To be eligible to elect to become a PIE, the entity must be a New Zealand resident company (includes unit trusts), superannuation fund, or group investment fund that meets specific criteria in relation to investor size and investment type.
The key features of the PIE rules are:
- Taxable income is allocated to investors and tax paid by the PIE on behalf of the investors at their marginal tax rates, capped at 28%.
- A distribution from a PIE is ‘excluded income’ and therefore not taxable to the investor.
- Any gains/losses that the PIE makes on the sale of shares in New Zealand companies and certain Australian resident companies listed on an approved index of the Australian stock exchange are non-taxable/non-deductible.
The tax rates on PIEs have been aligned with the personal income tax (PIT) rate structure. The PIE tax rates are 10.5%, 17.5%, and 28%.

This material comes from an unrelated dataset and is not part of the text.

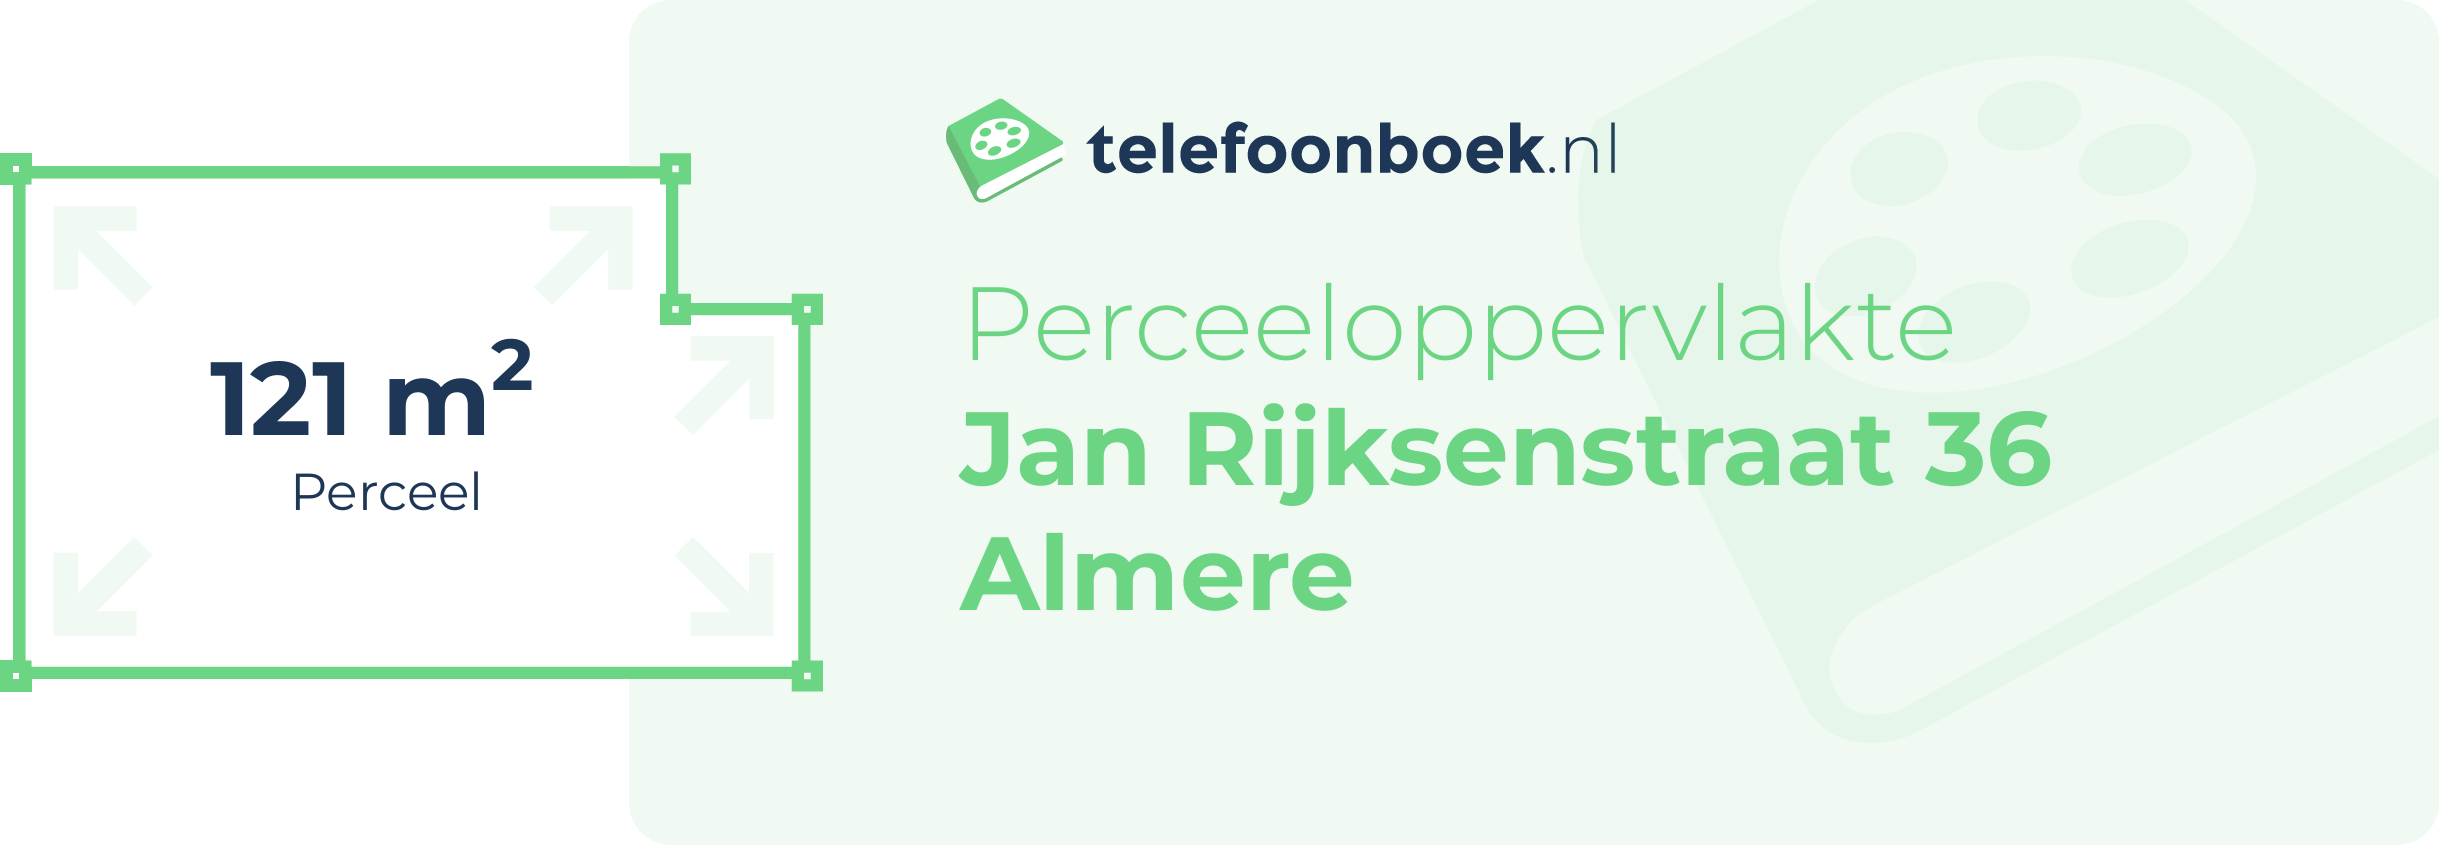 Perceeloppervlakte Jan Rijksenstraat 36 Almere

|Taxable income (NZD)||Taxable + PIE income (NZD)||PIE tax rate (%)|
|0 to 14,000||0 to 48,000||10.5|
|0 to 14,000||48,001 to 70,000||17.5|
|14,001 to 48,000||0 to 70,000||17.5|
|48,001 and over||Any||28|
|Any||70,001 and over||28|
Supplementary dividend tax credit regime
Previously, the supplementary dividend tax credit (previously known as foreign investor tax credit [FITC]) regime ensured that foreign investors were not taxed at more than the New Zealand corporate tax rate by effectively rebating the New Zealand WHT to the extent that the dividend was fully imputed. As non-resident withholding tax (NRWT) rates have been reduced to nil on most fully imputed dividends, a supplementary dividend tax credit is generally no longer required.
From 1 February 2010, the supplementary dividend tax credit regime applies only to fully imputed dividends paid to shareholders holding less than 10% of the shares in the company on NRWT rates of at least 15%.
- Only portfolio investors (i.e. those with less than 10% holdings) on NRWT rates of at least 15% qualify for relief under the supplementary dividend rules.
- A zero rate of NRWT applies to dividends paid to non-portfolio shareholders (i.e. shareholders with more than 10% holdings) and to any other dividends subject to lower tax rates, to the extent they are fully imputed.
The changes affect provisional tax calculations for taxpayers who take into account their anticipated supplementary dividend tax credits in calculating their provisional tax. Taxpayers should also consider the need to impute dividends where a tax treaty applies to reduce the NRWT rate.